N-grams are word pairs that are found directly next to each other in a text. They can range from uni-grams (a single word), bi-grams (two words in conjunction), or tri-grams (three in conjunction), and they are used to see what words are most often closely used with keywords. For our purposes, we utilized uni-grams and bi-grams.
Bi-grams
To calculate bi-grams, we utilized a Python script that was written by the previous ECBC 2022 cohort, and edited to fit our purposes. Bi-gram models were then trained on sub-corpora separated into separate time periods to see how these word associations changed over time. Another reason for splitting up by time period is so that we could track if negative word associations or positive word associations rise or decline over time. We specify which keywords we would like to search for n-grams in our corpus, and then our script generates a list of all of the word associations with that keyword and how frequent they are as well.

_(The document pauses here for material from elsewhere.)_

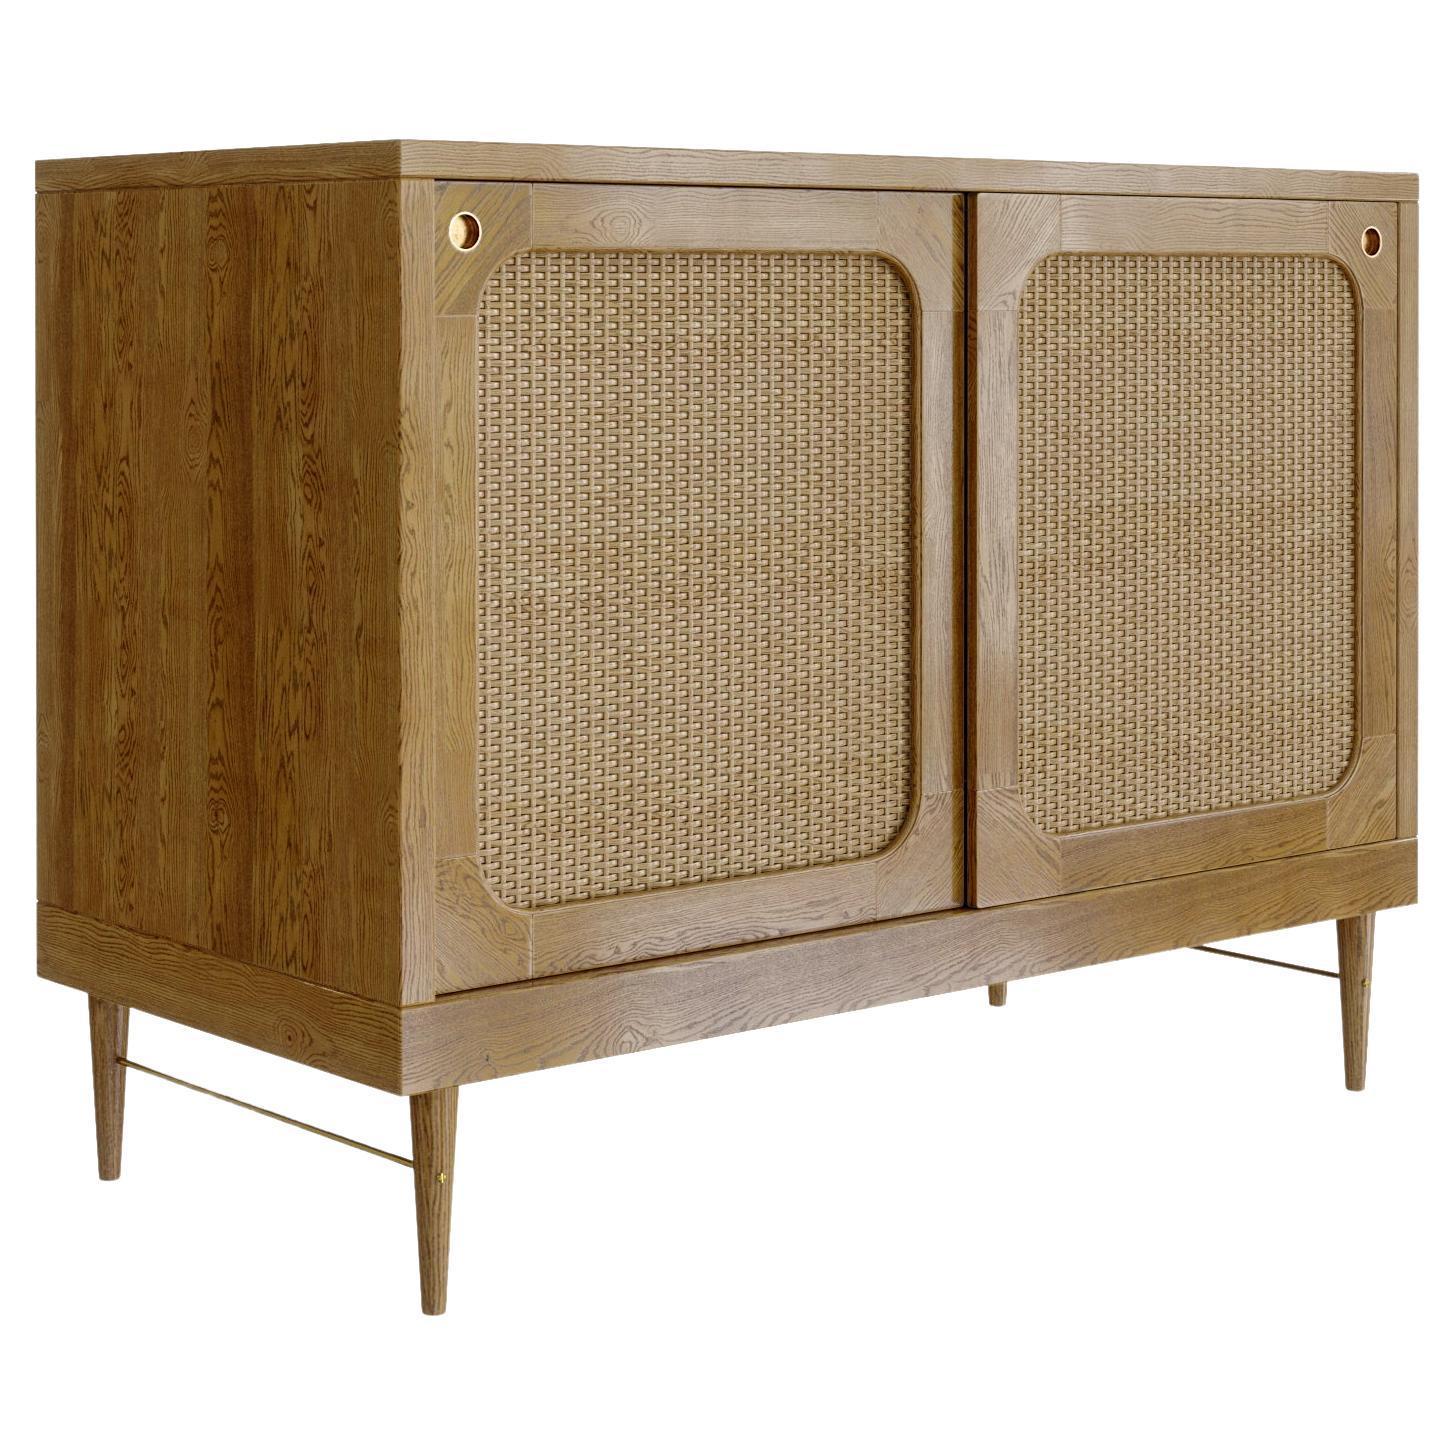 A sideboard in European oak and rattan, developed by Lind + Almond especially for Sanders, Copenhagen's premier luxury boutique hotel.

Available in two timber tones, Cognac and Natural Oak. Handcrafted to order in Europe. Internally there are two

Keywords were selected based on how frequently we had seen them in the texts that we had close-read and how important they were in the sub-corpora overall. Here is an example of n-grams from our Spanish sub-corpus in the period of 1615-1619 using Spanish-specific keywords:
Above are just a few of the unique bi-gram pairs from this sub-corpus. For visualizations, we picked the most interesting N-gram pairs to track overtime. We used R-shiny to generate as well as add context for some of our graphs. Below is the N-gram frequency graph for Ireland:
Here, we can see a major rise in the bi-gram “conquest_ireland” because of Tyrone’s Rebellion, which was a rebellion by Irishman against English colonization. Other notable bi-gram occurences are “wild_irish” and “war_irish”.
Uni-grams
Since Unigrams are just single word frequency, these were generated with just the most important keywords we found either from TF-IDF, close reading of certain texts, or historical analysis. The Uni-gram visualizations were also generated from sub-corpora to sub-corpora and split into distinct five-year time periods. Below is a uni-gram graph over time:
To see more N-gram visualizations for every sub-corpora, and also visualizations for certain categories in the sub-corpora, check out our R-shiny app!
Limitations
The sub-corpora we used to generate these n-grams was significantly smaller than the one for word embeddings because it was generated just from TF-IDF, as the n-grams code ran significantly better on a smaller corpus. A limitation to this was that because this sub-corpora was in five year-time ranges, and some of the TF-IDF sub-corpora had less than thirty texts, many of the time periods had few, if any, texts in them pertaining to the sub-corpora. And since we are also tracking specific word pairs, not every word pair has a high frequency or is used a lot over time. When we began to generate visualizations of each of our n-grams, this resulted in some time periods having a sharp decrease for every keyword or all resulted in zero mentions. This did not mean that English writers weren’t writing about these groups of people or that they weren’t being affected significantly, but just that a specific word pair wasn’t used in the limited corpus we generated.